_The data_
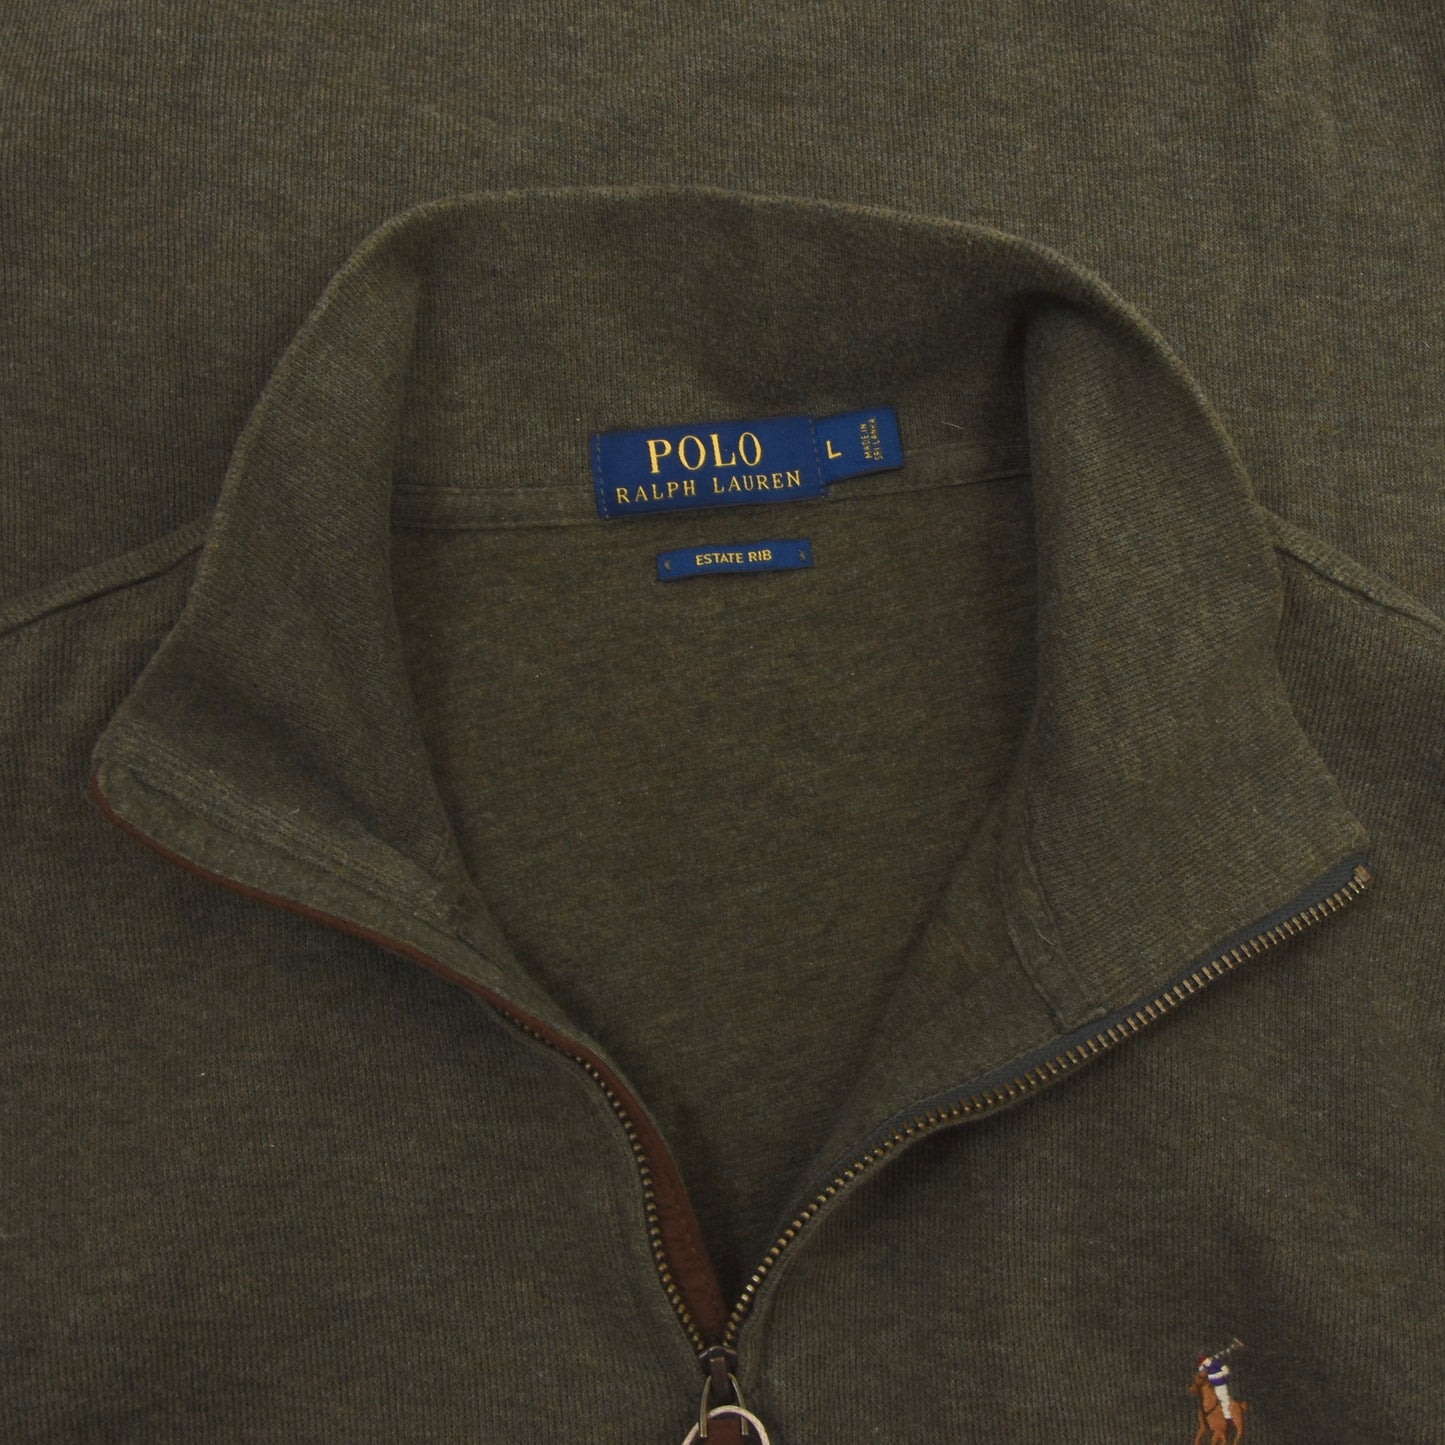 Polo Ralph Lauren 1/4 Zip Estate Rib Sweater - Green
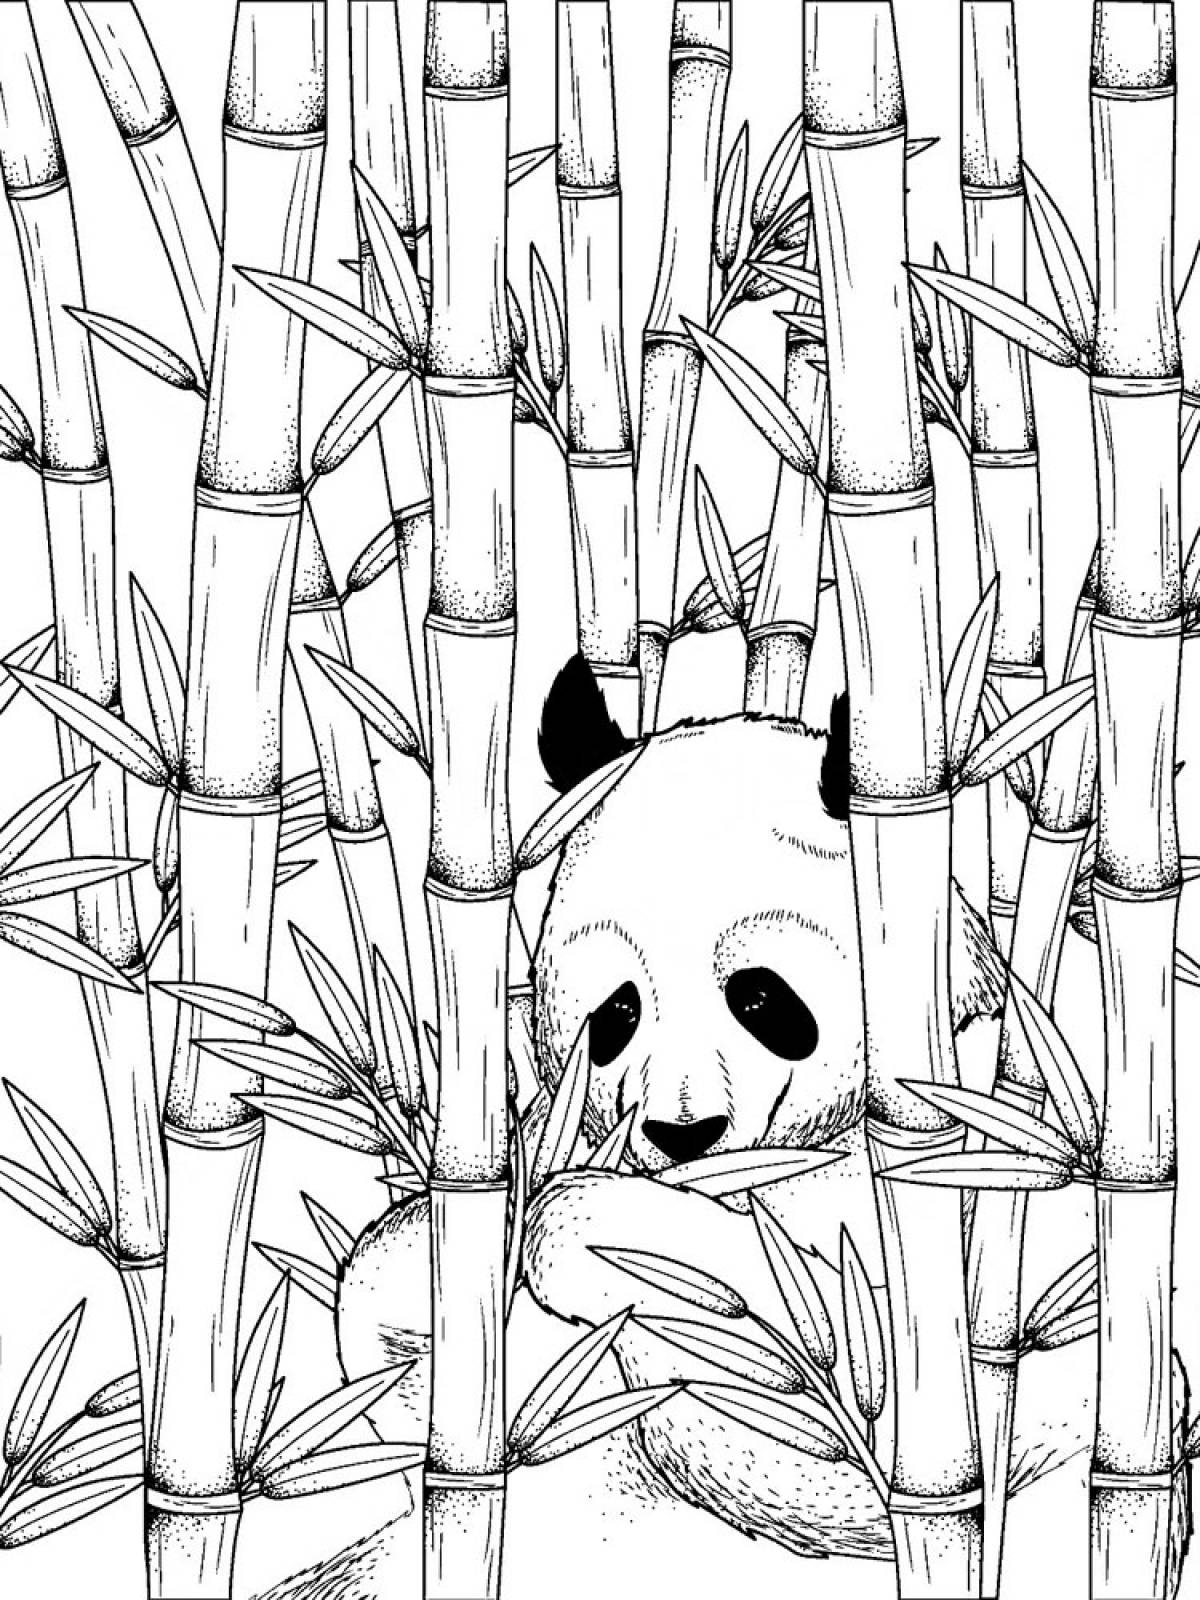 Бамбук и панда
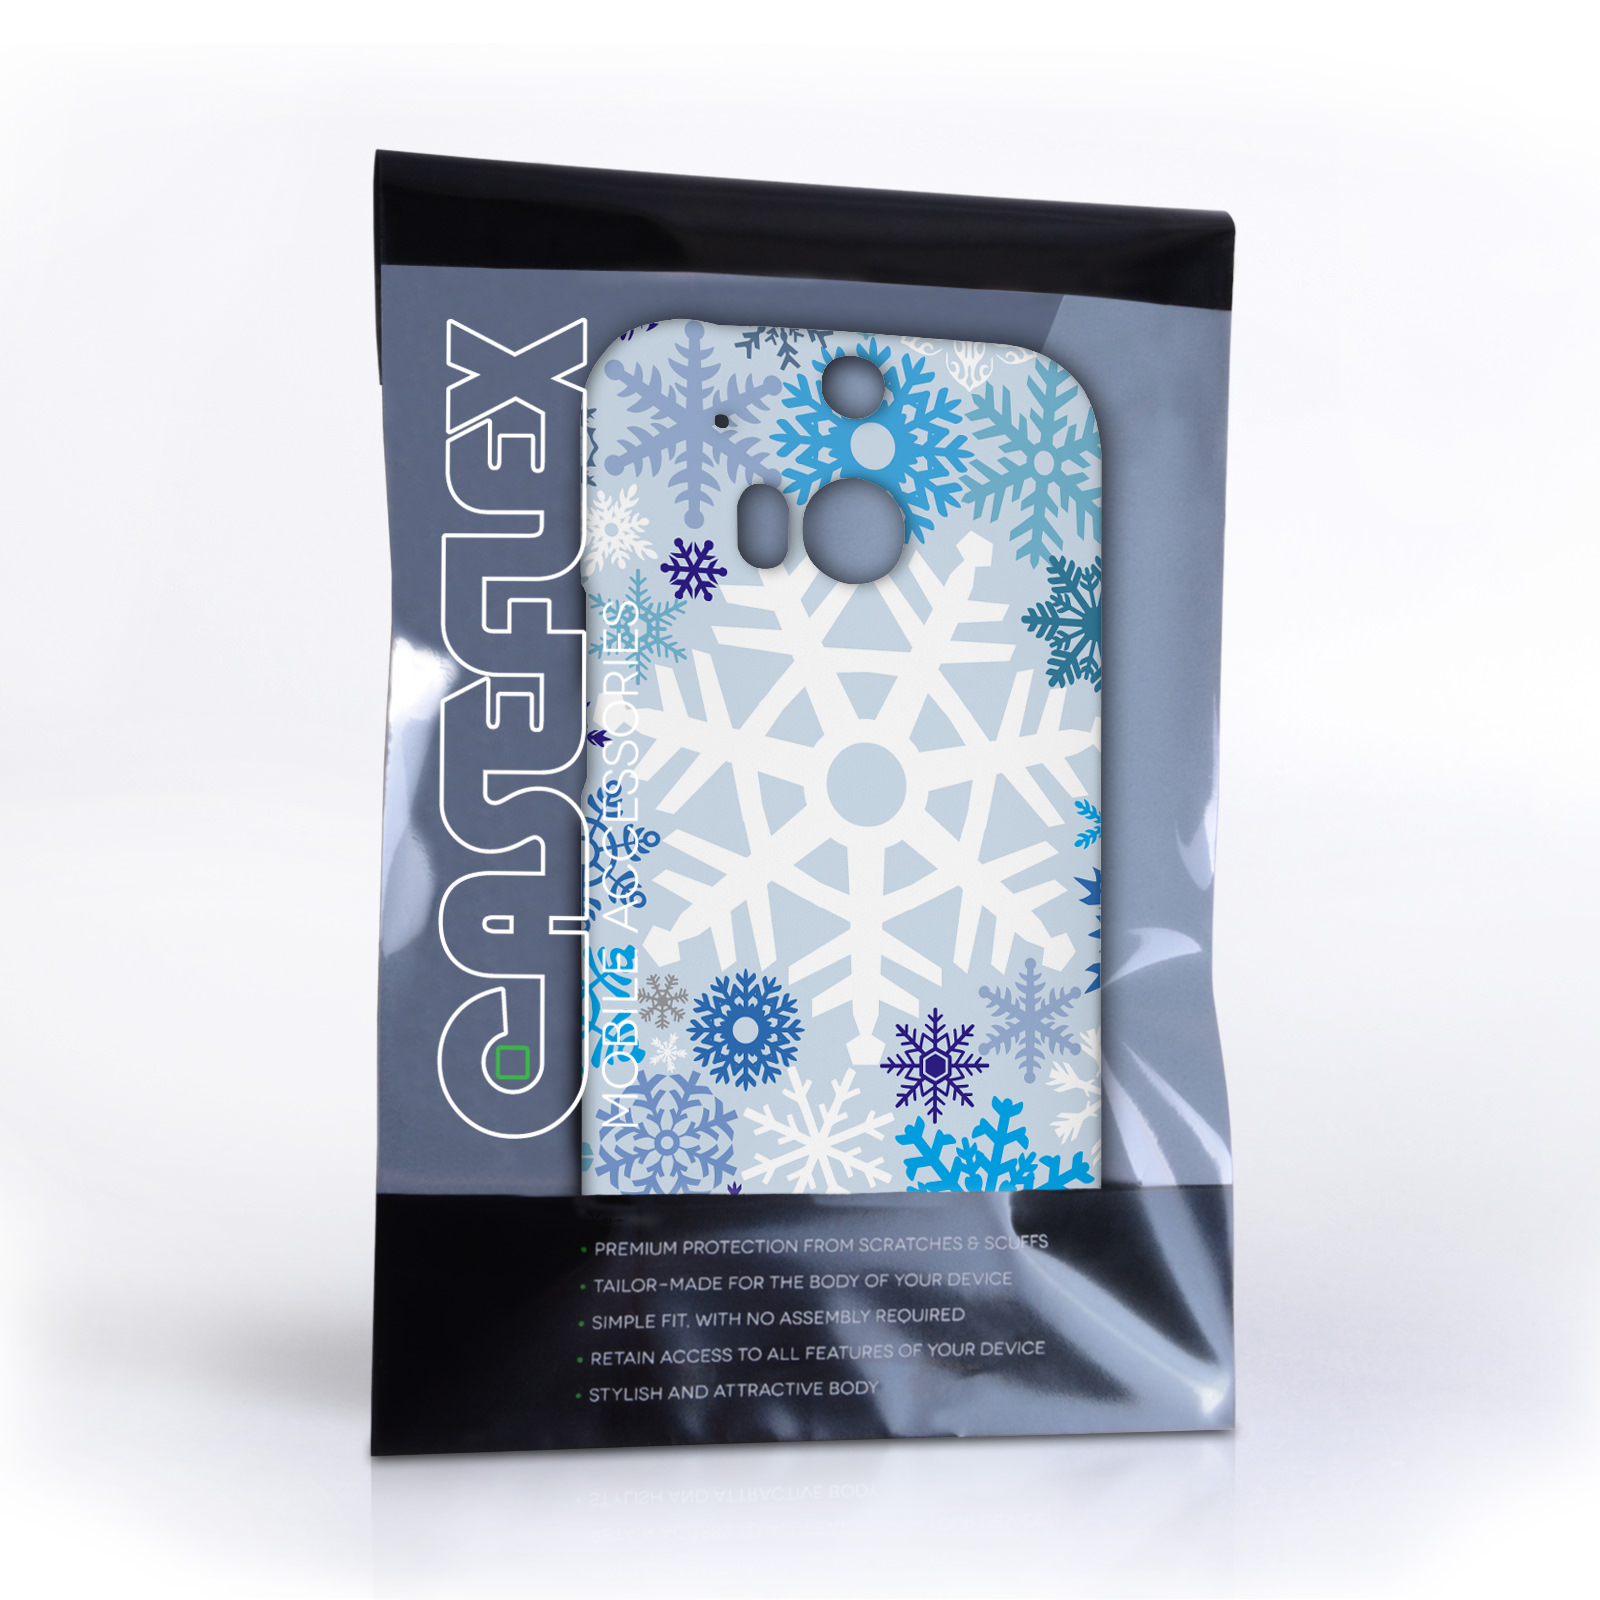 Caseflex HTC One M8 Winter Christmas Snowflake Hard Case - White / Blue

_Exercise prompt_
All of the data above needs to be retyped exactly, with the pictures removed.

_Response to this exercise_
 Polo Ralph Lauren 1/4 Zip Estate Rib Sweater - Green
 Бамбук и панда
 Caseflex HTC One M8 Winter Christmas Snowflake Hard Case - White / Blue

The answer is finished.